Problem statement:
Where the records below reach the line containing "Джип-тур к Гегскому", start transcribing, and end with the line containing "Es gibt eine", exactly and with nothing else added.
Start of Extracted information
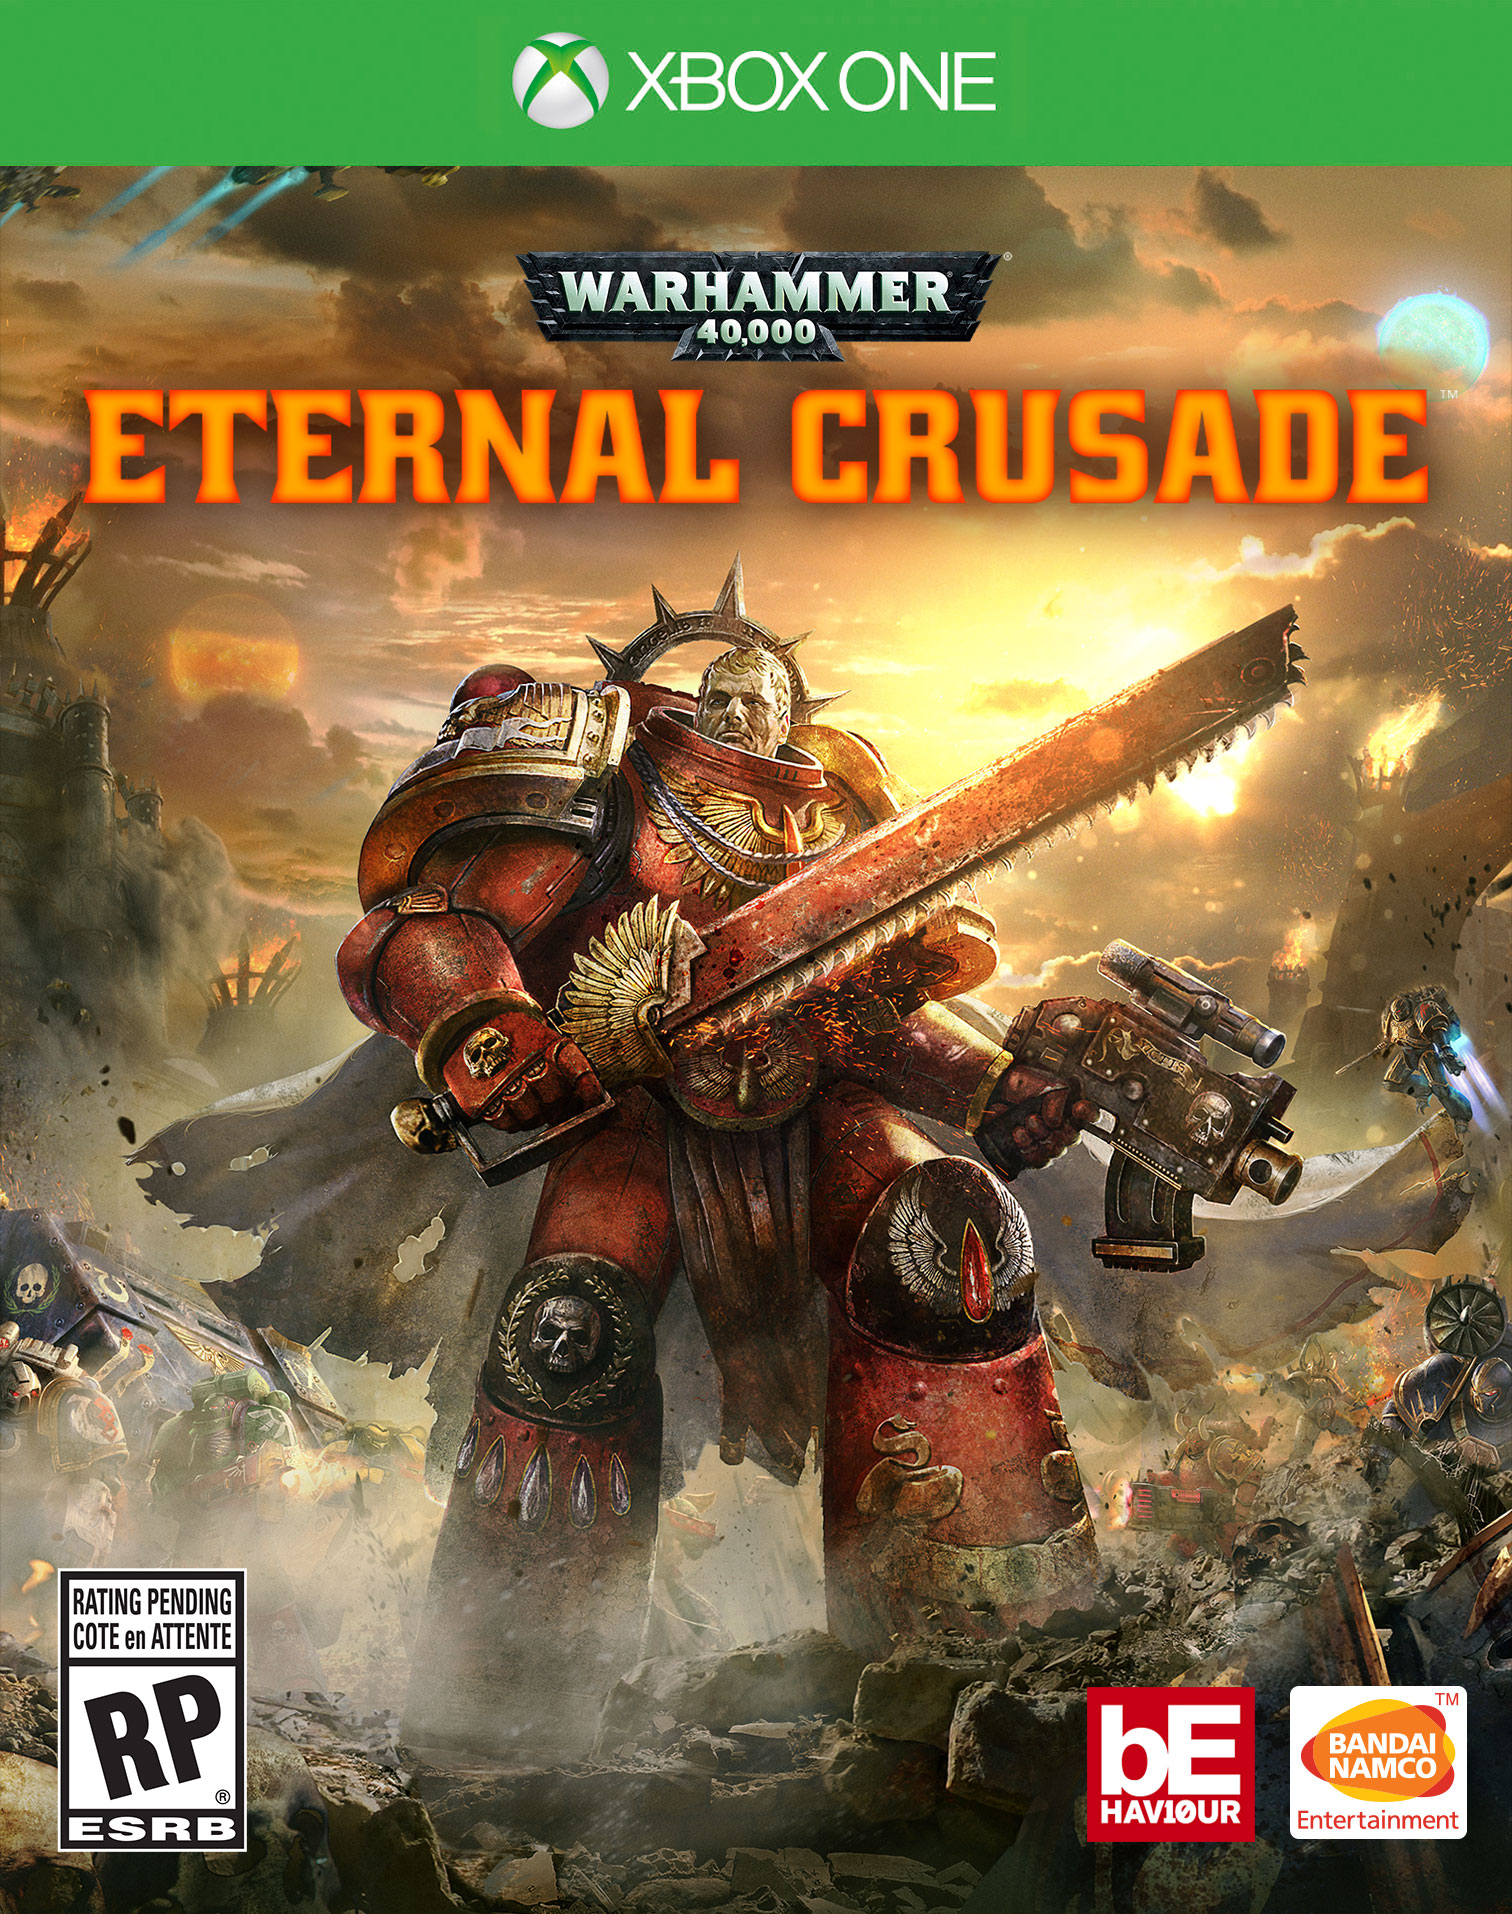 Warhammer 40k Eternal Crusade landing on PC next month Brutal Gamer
End of Extracted information
Start of Extracted information
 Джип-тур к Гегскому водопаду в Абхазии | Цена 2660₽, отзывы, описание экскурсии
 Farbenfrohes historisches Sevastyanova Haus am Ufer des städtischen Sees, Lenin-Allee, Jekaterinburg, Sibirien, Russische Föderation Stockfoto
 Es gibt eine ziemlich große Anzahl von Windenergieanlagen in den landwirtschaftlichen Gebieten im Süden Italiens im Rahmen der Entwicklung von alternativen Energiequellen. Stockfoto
End of Extracted information
Output below:
 Джип-тур к Гегскому водопаду в Абхазии | Цена 2660₽, отзывы, описание экскурсии
 Farbenfrohes historisches Sevastyanova Haus am Ufer des städtischen Sees, Lenin-Allee, Jekaterinburg, Sibirien, Russische Föderation Stockfoto
 Es gibt eine ziemlich große Anzahl von Windenergieanlagen in den landwirtschaftlichen Gebieten im Süden Italiens im Rahmen der Entwicklung von alternativen Energiequellen. Stockfoto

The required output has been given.